He describes the networking reality: his career path has been built on sustained relationships with directors and editors over many years — Paul Greengrass from Captain Phillips through multiple Bourne films; Eddie Hamilton from Kick-Ass through Top Gun: Maverick. "You can kind of see the pattern. You'll know when you're out of sync and when you're back in."

Key Takeaways

  • Chris Burdon is an Oscar-winning re-recording mixer at Warner Bros. De Lane Lea, with credits including Top Gun: Maverick, Edge of Tomorrow, Captain Phillips, and Wonder Woman
  • Maverick's final mix was completed in London during COVID lockdown, with director Joe Kosinski and Jerry Bruckheimer connecting from the US via Zoom
  • The creative mandate: emotion over information — Tom Cruise's insistence that every frame deliver feeling, not just sound content
  • Dolby Atmos is not applied uniformly: some films go "full object" (Maverick, Mission: Impossible); others stay restrained at 5.1 for artistic reasons (Empire of Light)
  • The fundamental home cinema translation challenge is low-frequency extension — the theatrical sub gives the mix depth that small systems cannot reproduce
  • Top Gun: Maverick is the definitive home cinema reference title — used in demo facilities worldwide to demonstrate what a great system can do

Frequently Asked Questions

Who mixed the sound for Top Gun: Maverick?

The final mix for Top Gun: Maverick was completed at Warner Bros. De Lane Lea in London by re-recording mixer Chris Burdon, alongside sound editor Simon Chase and supervising sound editor James Mather. The premixes were prepared at Skywalker Sound before being moved to London during the COVID pandemic. Chris Burdon won the Academy Award for Best Sound for the film.

How was Top Gun: Maverick mixed during the pandemic?

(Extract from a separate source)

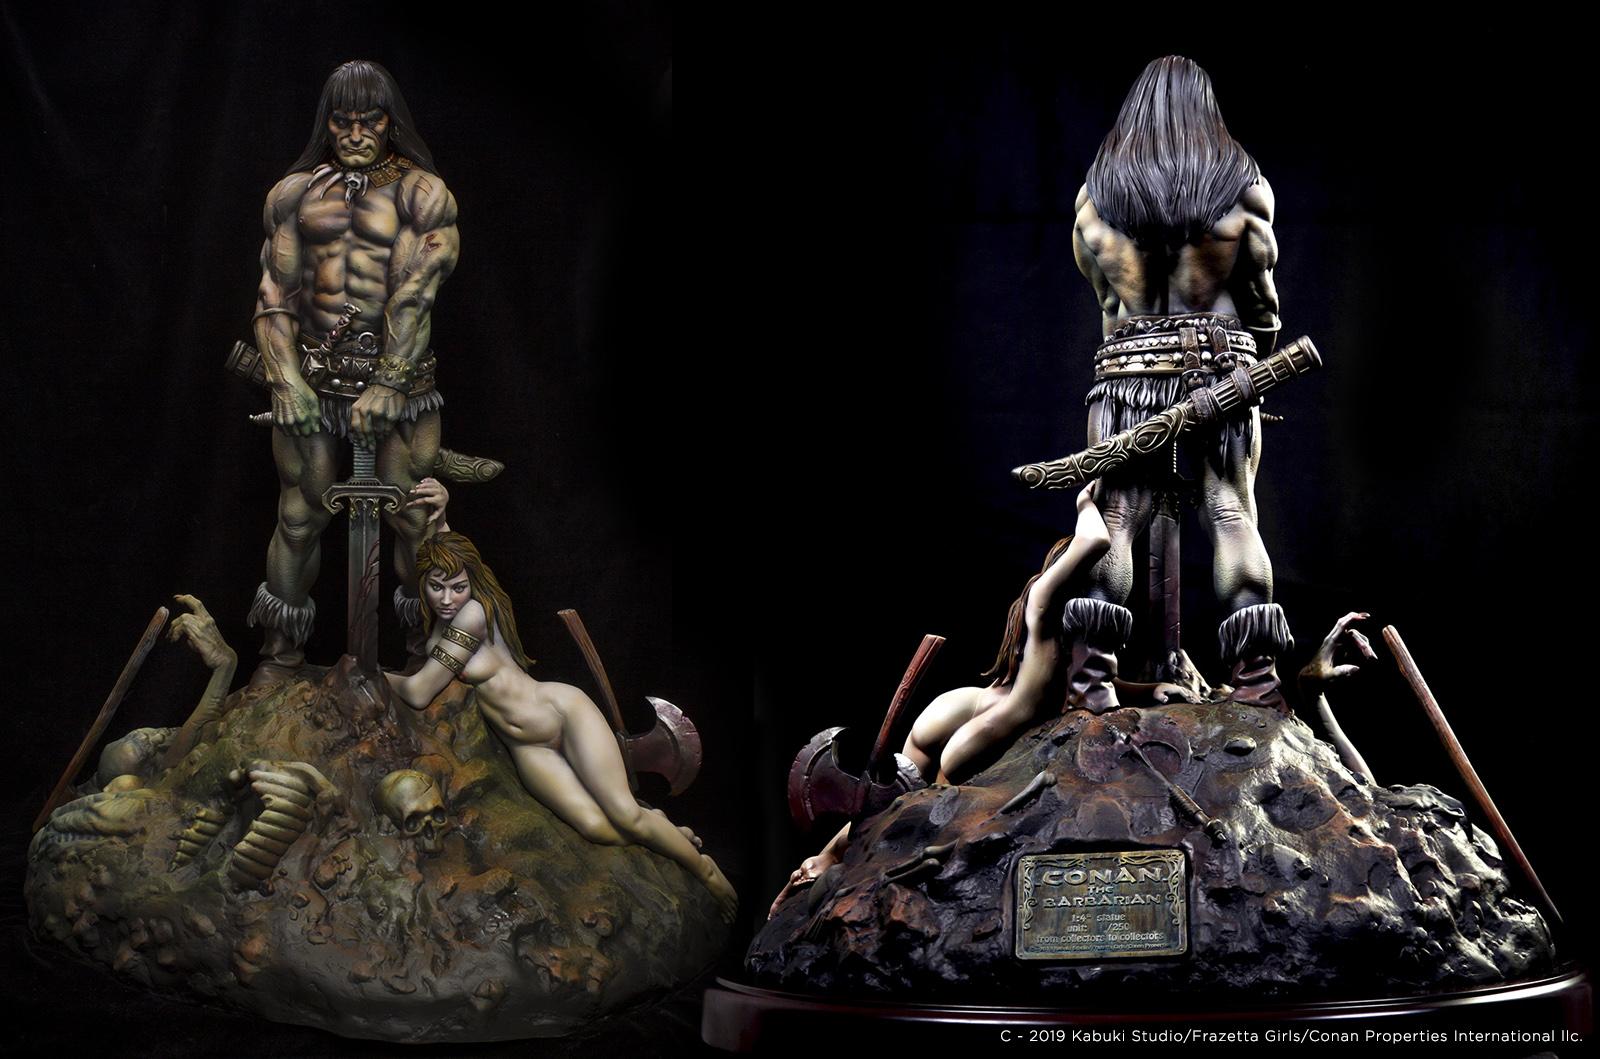 Conan The Barbarian - 1:4th scale premium statue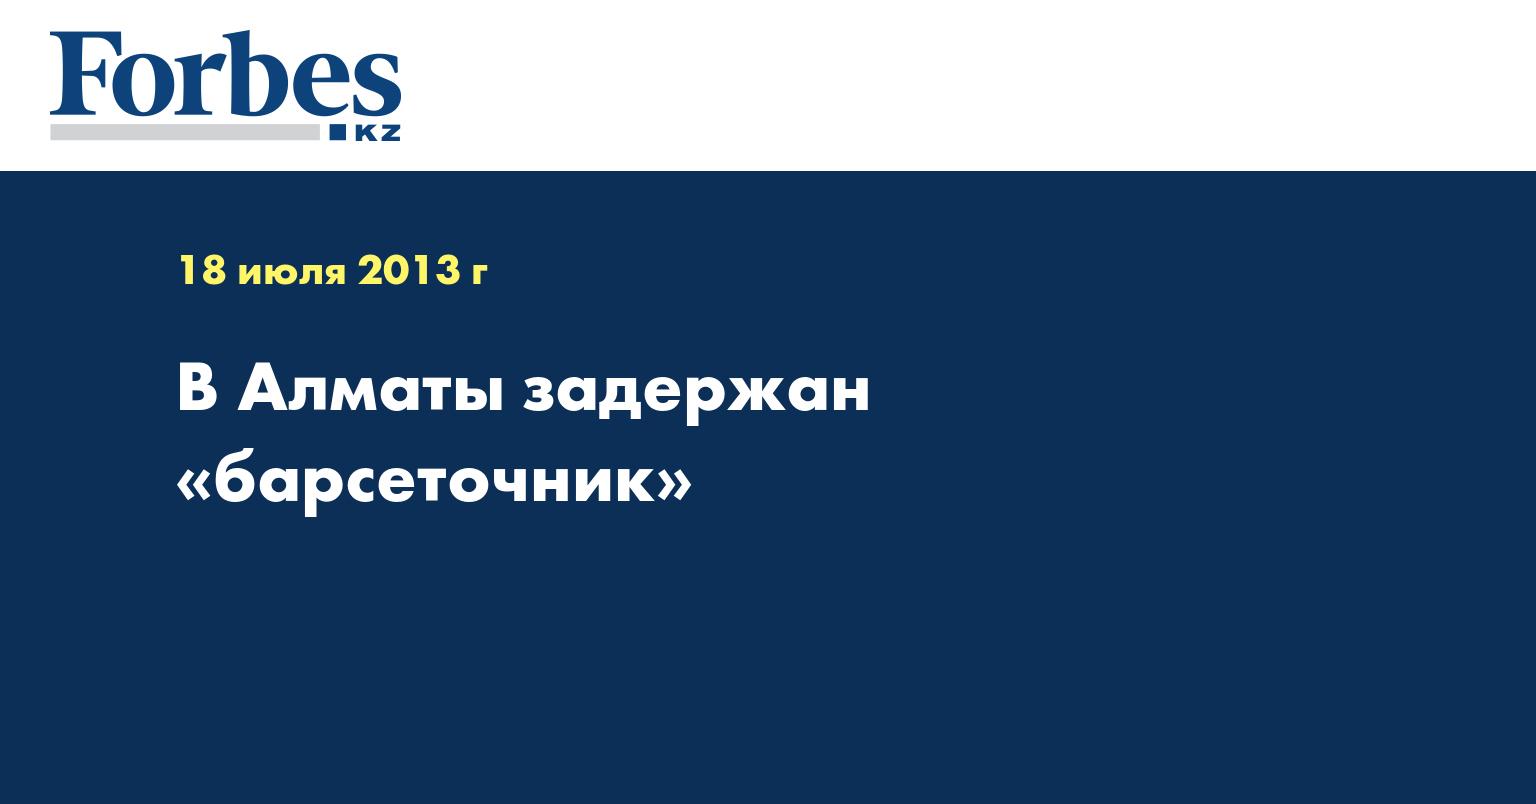 В Алматы задержан «барсеточник»

The final mix was completed in London under strict pandemic protocols. Tom Cruise and Christopher McQuarrie visited the studio with security teams cleaning between sessions. Director Joe Kosinski and Jerry Bruckheimer connected from the US via Zoom. The orchestra recorded separately in isolated groups. Composer Lorne Balfe coordinated the final score, integrating Hans Zimmer's themes, Harold Faltermeyer's legacy material, and Lady Gaga's contributions.

What makes Top Gun: Maverick good for home cinema demonstrations?

Top Gun: Maverick is widely regarded as one of the finest home cinema reference titles available. It features an exceptional Dolby Atmos mix with extreme dynamic range — from whisper-quiet cockpit moments to full afterburner jet sequences. The film tests every element of a home cinema system: dialogue clarity, low-frequency extension (the F-18 engines and aircraft carrier sequences), spatial surround precision, and musical dynamics from Hans Zimmer's score. It has become a standard demo disc at home cinema showrooms globally.

What is the difference between Dolby Atmos and standard 5.1 surround sound?

Standard 5.1 and 7.1 are channel-based formats — each speaker plays a fixed, pre-assigned audio channel. Dolby Atmos is an object-based format where sounds are placed and moved as three-dimensional objects in space, rendered in real time for the specific speaker configuration of each room. Atmos also enables dramatically higher dynamic range — louder without harshness — and more detailed low-frequency extension through the surround channels. However, as Chris Burdon notes, whether Atmos is fully utilised is a creative decision that varies film by film.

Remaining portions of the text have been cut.